The current therapeutic landscape reflects these biological features: antiangiogenic agents and immune checkpoint inhibitors target two defining characteristics of ccRCC—(i) the extensive tumor angiogenesis resulting from VHL-mediated pseudohypoxia and (ii) the pronounced immune cell infiltration that characterizes this subtype. Despite these advances, patient responses remain highly variable, and the molecular determinants of therapeutic sensitivity or resistance are poorly understood. Furthermore, predictive biomarkers successfully applied in other cancers, such as PD-L1 expression or tumor mutational burden (TMB) for immunotherapy response, have not proven effective in ccRCC. As a result, clinicians currently lack reliable tools to predict which patients will benefit from treatment, limiting the ability to personalize therapy and optimize outcomes
Figure 2. The inactivation of VHL is the driver event of clear cell renal cell carcinoma (ccRCC). A) ccRCC are aggressive tumors characterized by homogeneous inactivation of the tumor suppressor VHL; however, other cooperating events are required for tumor development. The most frequent ones are inactivating mutations in chromatin remodeling genes, which have been associated with different ccRCC prognoses and response to drug treatments, as described by us and other groups. B), The inactivation of VHL leads to an uncontrolled accumulation of hypoxia inducible factors (HIF) 1α and 2α, leading to abnormal angiogenesis, metabolism, and cellular proliferation.
Building on our previous findings (part of them presented in Figure 3), we hypothesize that secondary mutations arising after VHL inactivation play a key role in shaping the tumor microenvironment and influencing therapeutic response. Accordingly, our current research investigates how these secondary alterations modulate both the immune and angiogenic landscapes of ccRCC, ultimately affecting sensitivity to antiangiogenic therapies and immunotherapy. In particular, we focus on mutations in the chromatin remodeler genes PBRM1 and KDM5C, given their high prevalence and potential impact on treatment outcomes.

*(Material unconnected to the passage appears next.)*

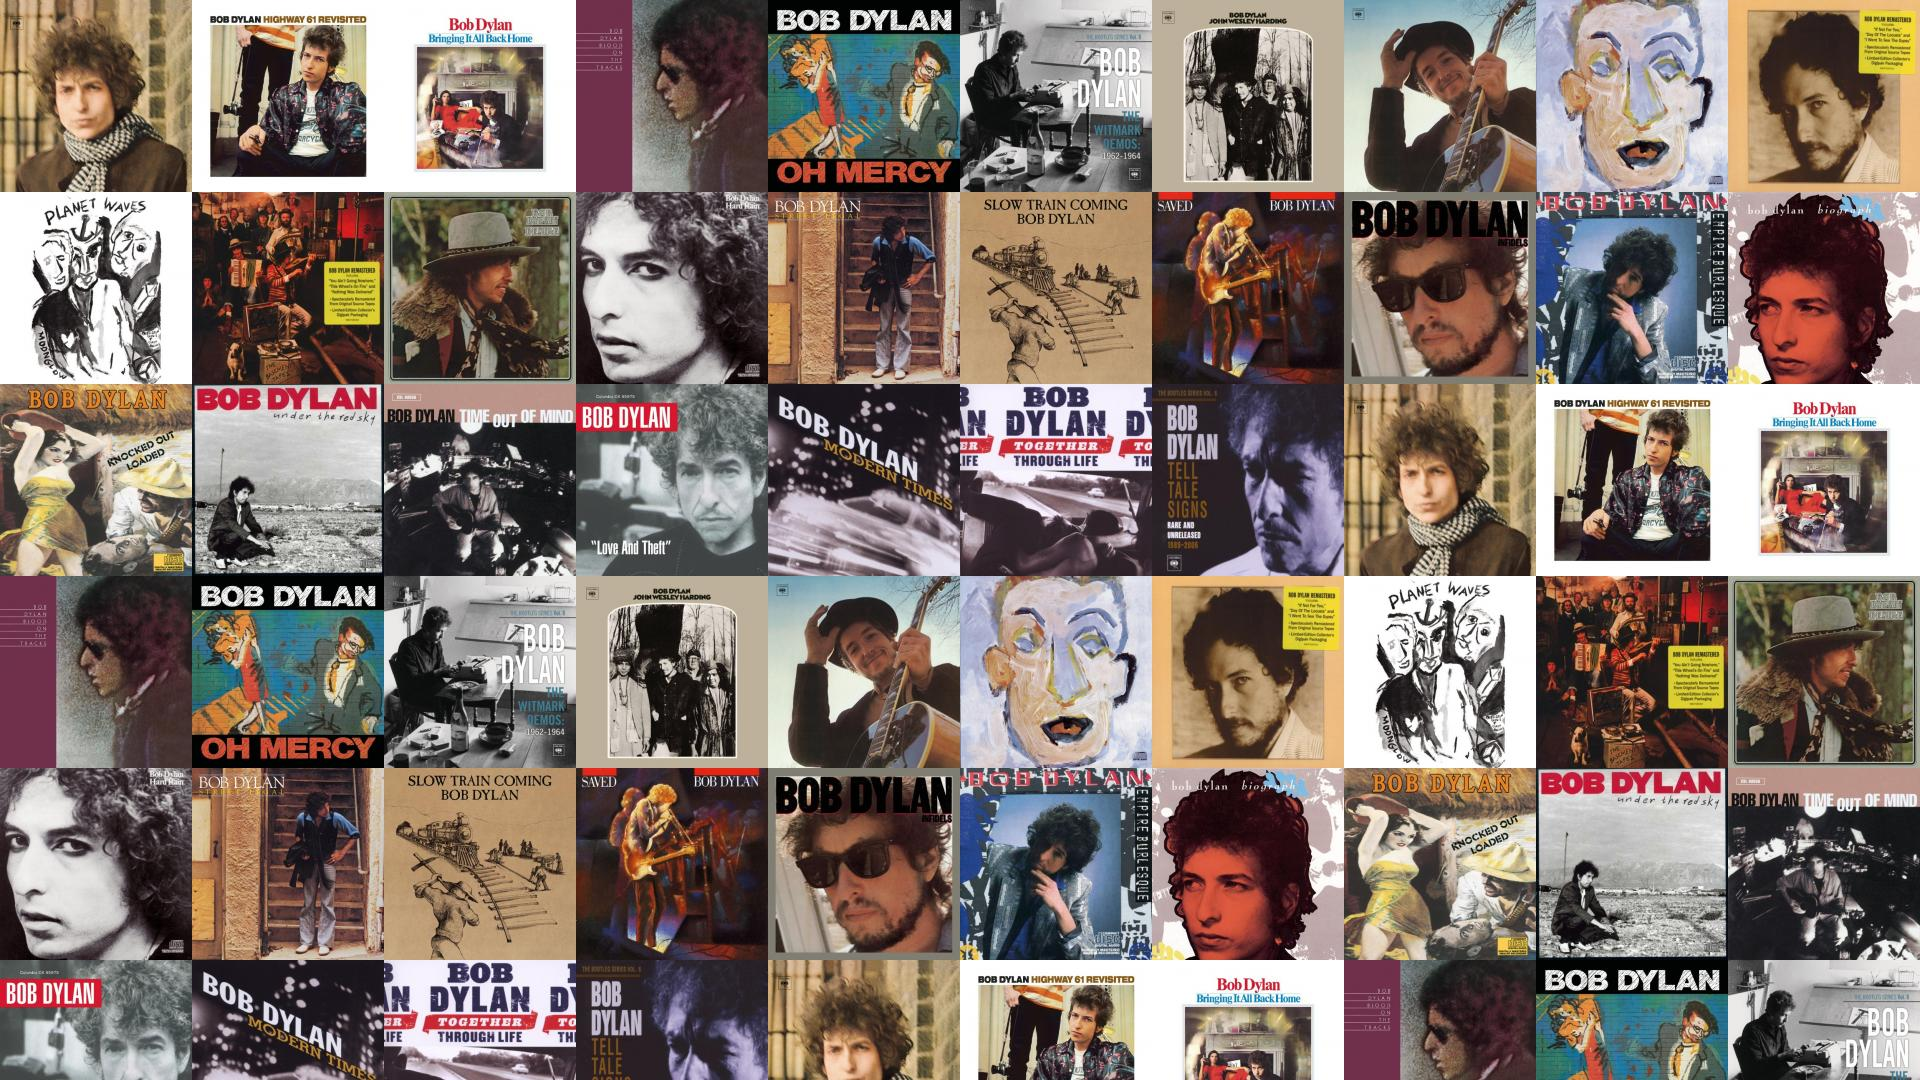 Dylan Blonde On Highway 61 Revisited Bringing Wallpaper Tiled Desktop

Figure 3. Genetic alterations and gene expression profiles influence angiogenesis and therapeutic response in clear cell renal cell carcinoma (ccRCC). A) Heatmap showing the expression of 16 angiogenesis-related genes in 93 ccRCC tumors and 8 normal kidney tissue samples, with PBRM1 and KDM5C mutational status indicated in red. B) Response of ccRCC patients to the VEGFR-TKI drug sunitinib (n=343; IMmotion151 clinical trial) according to PBRM1 and KDM5C mutational status, represented as a bar chart. C) Kaplan–Meier curve of progression-free survival (PFS) in patients stratified by PBRM1 and KDM5C mutations. D) PFS of patients with advanced ccRCC treated with the immune checkpoint inhibitor (ICI) atezolizumab plus the antiangiogenic drug bevacizumab, or with sunitinib monotherapy, stratified by PARP1 expression and PBRM1 mutational status. Adapted from Santos et al. 2023 (Am J Cancer Res; PMID: 37293154) and Lanillos et al. 2022 (Eur Urol; PMID: 35688666).